The minister added that, "on the positive side", resort operators and visitors had informed him over the Christmas period that tourists generally "felt safe coming to The Bahamas" and had been able to navigate this nation's COVID-19 protocols and requirement for a rapid antigen test after five days.
While high-end, niche resorts that cater to private boaters and aviation had fared particular well, Mr D'Aguilar admitted that The Bahamas has to "work on the middle market" that has traditionally formed the core business for the likes of Atlantis and Baha Mar.
"Those facilities that cater to more of the middle market traveller, they really found it more difficult to get up and running," he told Tribune Business. "That's the market we rely on and actually need, but they are a bit more price sensitive and have to come by commercial aviation, meaning they have to navigate the protocols more. That's the niche we have to work on."
Mr D'Aguilar acknowledged there had been "a significant drop-off" in tourism business since Monday, as the New Year's holiday weekend came to an end, which meant resorts such as Atlantis have been forced to return some staff to furlough.
And he voiced particular concern that the US might follow other major source markets, such as Canada, in requiring returning citizens and residents to take a COVID-19 PCR test within a limited number of days before they travel.

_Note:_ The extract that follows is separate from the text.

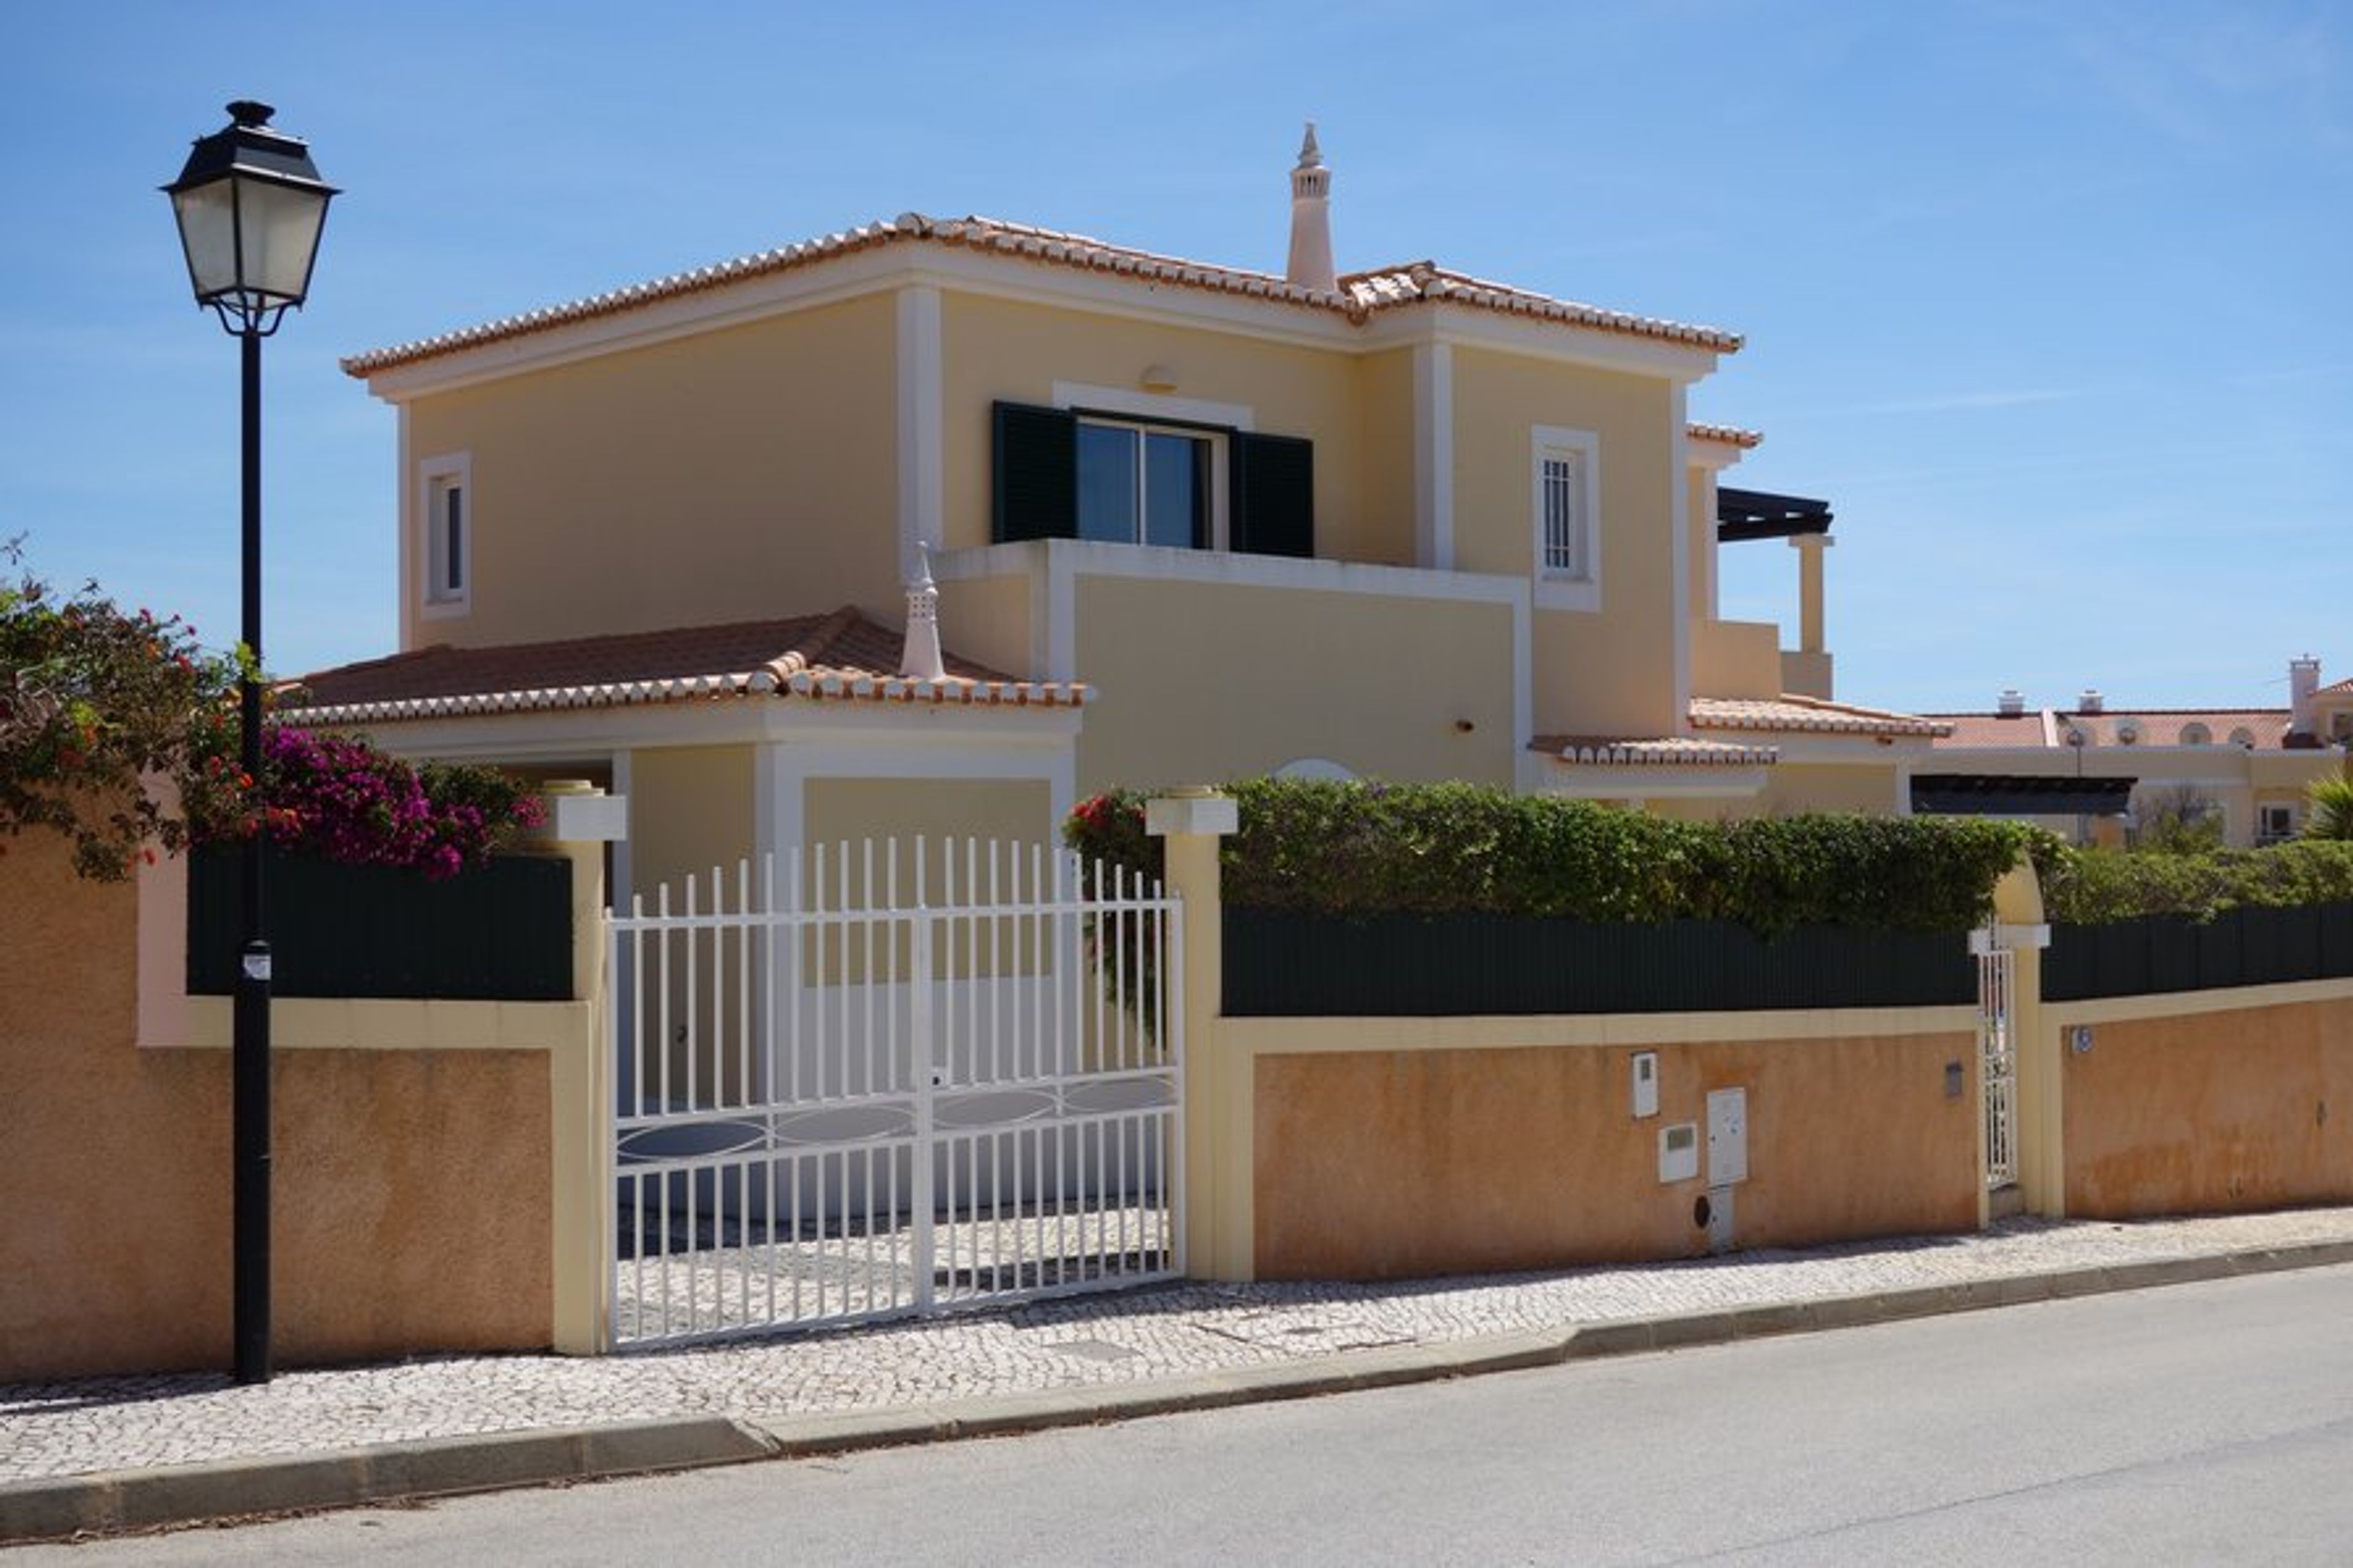 Casa Encantadora front and roadside of villa

Such a requirement, Mr D'Aguilar warned, would be "significantly impactful" for Bahamian and Caribbean tourism given that they lack nationwide infrastructure to administer and analyse PCR tests, as well as provide results within such a limited timeframe. The cost of implementing such a system will also present a major hurdle.
"Canada has it, and the word being bandied around is that the US may require it as well," he told this newspaper of a PCR test for all returning residents, especially following the emergence of so-called "mutant" COVID-19 strains.
"That would be significantly impactful. It would put significant stress on us.. there are no PCR testing facilities in the Family Islands. If they require a rapid antigen test that would be more manageable, as we already have an in-country network rolled out with in excess of 60 testing sites."
Warning that the 2021 first half will be "rough" for Bahamian tourism, Mr D'Aguilar said: "Everybody is banking on the fact that hopefully by the middle of the year the roll-out of the vaccine will be sufficient to the point where people feel comfortable to return to some semblance of normality and consider travelling again.
"The first half of the year I anticipate will be rough, but barring no other strains of the virus, or complications with the vaccine; barring that I estimate things will probably get better as the year goes on. Our major source markets are probably experiencing the low point with the virus, but as they vaccinate 2-3m people a week, and the roll-out of the vaccine gets some traction, so confidence will return to travel."